Training set, validation set, the test set (and why you want to use the validation set?) (Training Set, Validation Set, Test Set) and over-fitting underfitting (Over fitting & Under fitting)

The concept for the training set, validation set, test set, many people are confused. Online articles is quite a mixed bag, so now this sort of knowledge again. Let's first look at the model validation (assessment) in several ways.

 

In machine learning, when we trained the model, the model for how to verify it? (How do you know that is good trained model?) There are several forms of authentication:

 

The first way: all of the data as the training set, then the training set to train the model, the model verification by the training set (if there are multiple models needs to be selected, then the last training minimum error is selected as the best model for that model)

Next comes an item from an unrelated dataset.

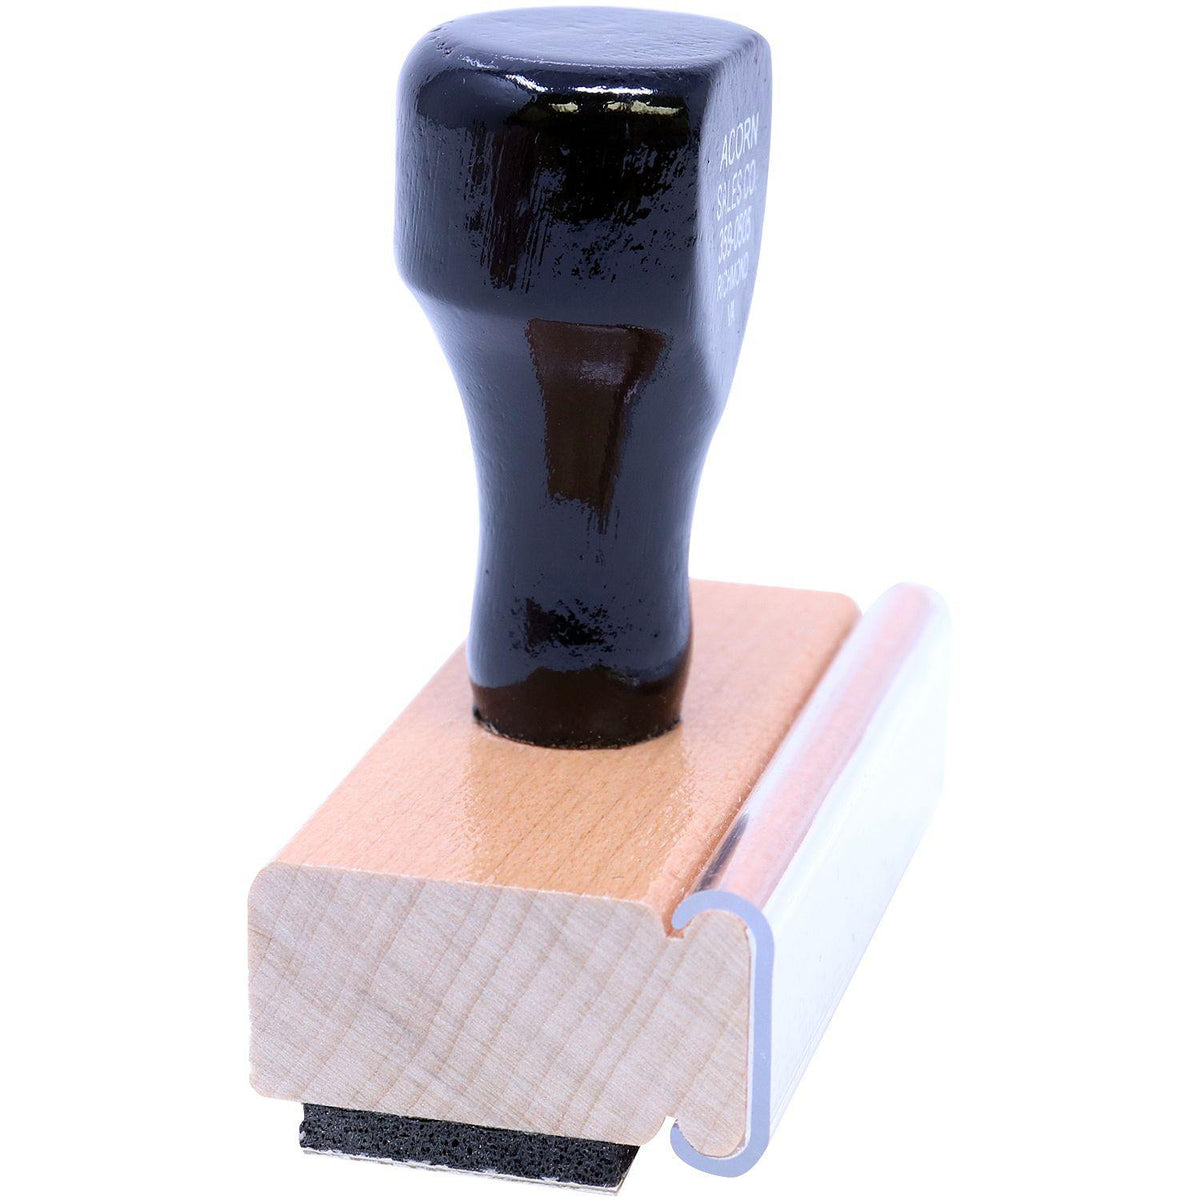 Side View of Bold File Rubber Stamp at an Angle

This approach is clearly not possible, because the more complex models, the smaller the error of their training, the training error appears to be very perfect, but in fact, the model may have seriously been fitted. This " over-fitting and underfitting (Over & Under Fitting Fitting) " article has already been mentioned.

 

The second way: the data into training and test sets, with training set and then train the model, with the test set to validate the model (if there is more than one model needs to be selected, the last selected measurement error smallest one as the best model model)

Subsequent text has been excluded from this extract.